TASK REQUIREMENTS:
What are the lines, copied exactly, from the one containing "Few can claim" through the final line of the material? Leave the pictures out.

--- SUPPLIED DATA ---

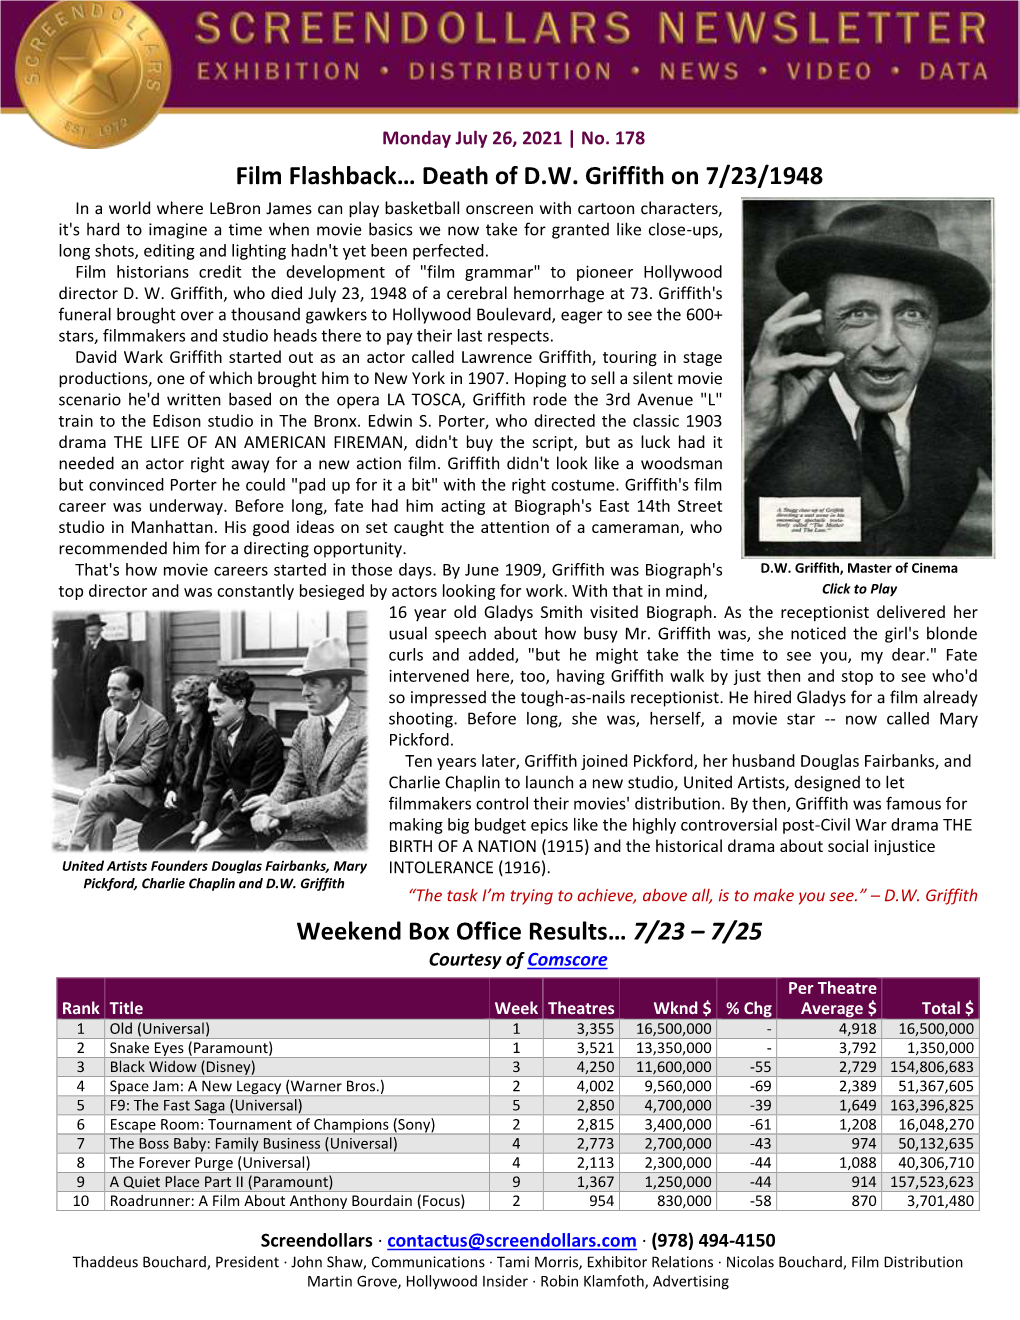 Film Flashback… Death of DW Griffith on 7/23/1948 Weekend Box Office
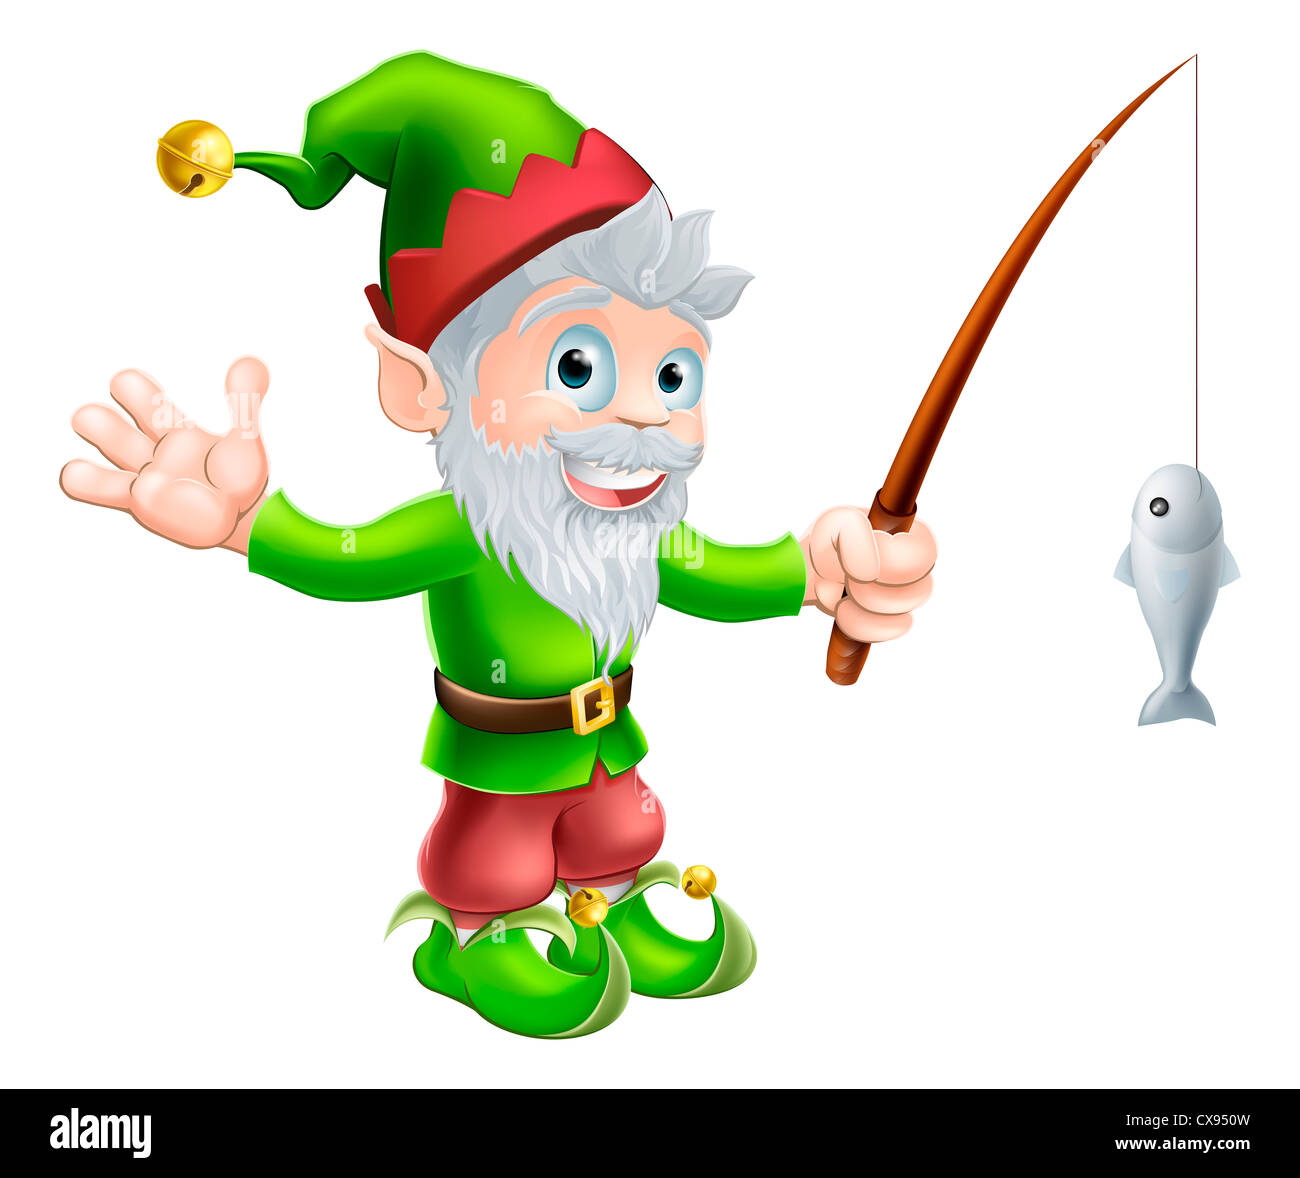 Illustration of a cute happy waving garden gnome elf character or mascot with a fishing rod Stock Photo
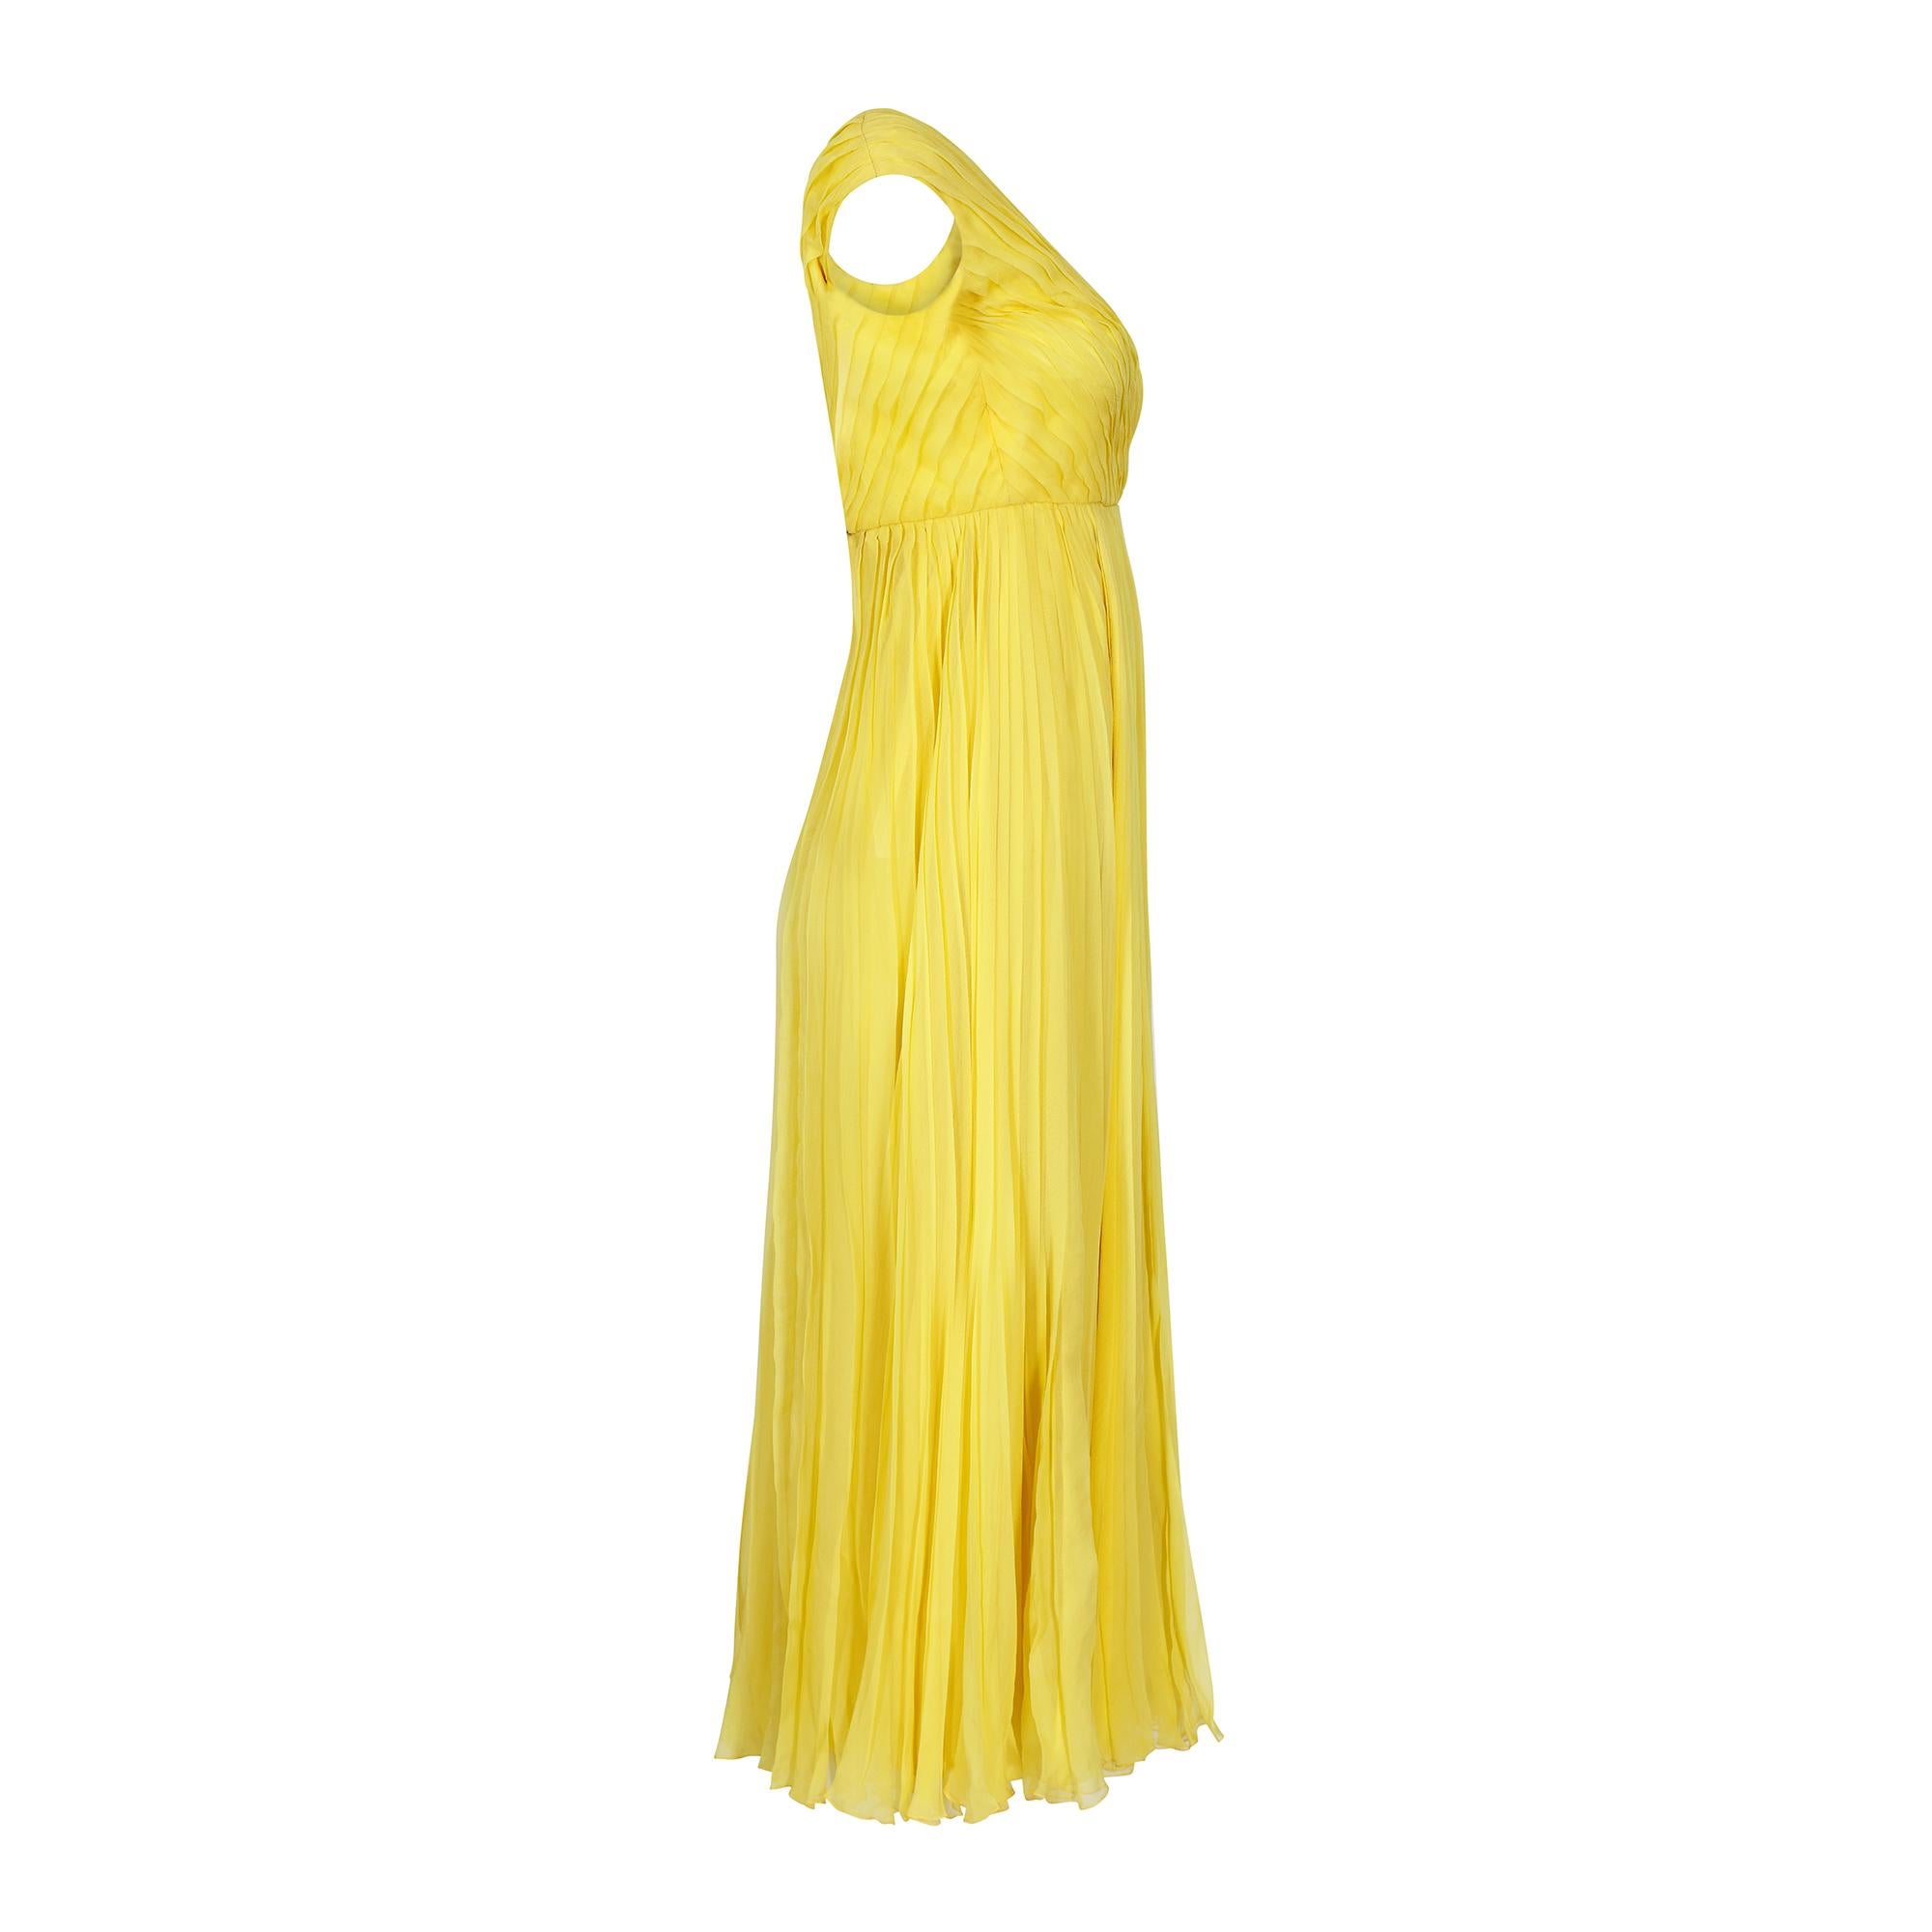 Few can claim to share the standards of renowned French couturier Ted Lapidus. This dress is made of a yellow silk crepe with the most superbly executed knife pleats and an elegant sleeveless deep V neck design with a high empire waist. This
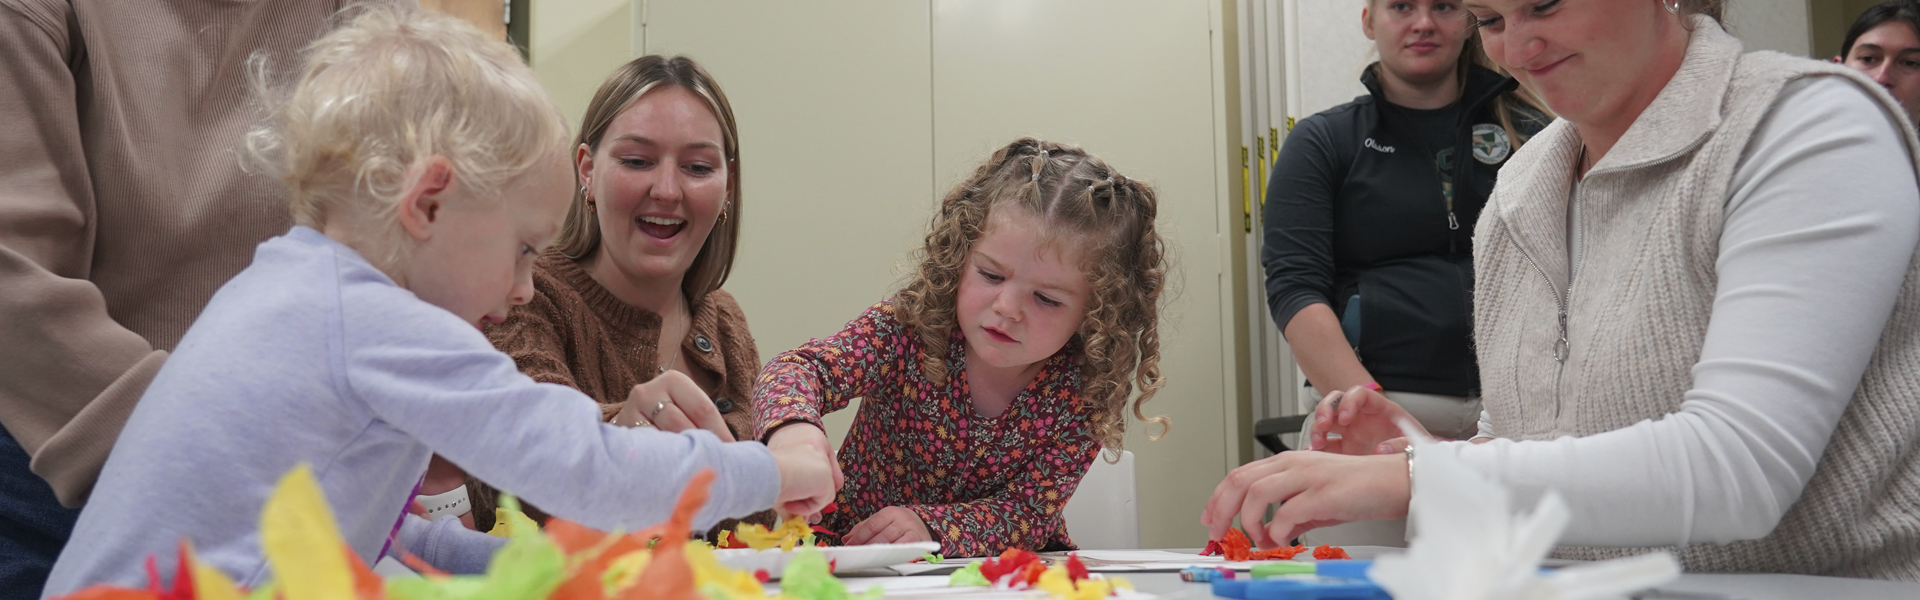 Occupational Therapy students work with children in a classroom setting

---

REPLY:
 Few can claim to share the standards of renowned French couturier Ted Lapidus. This dress is made of a yellow silk crepe with the most superbly executed knife pleats and an elegant sleeveless deep V neck design with a high empire waist. This
 Occupational Therapy students work with children in a classroom setting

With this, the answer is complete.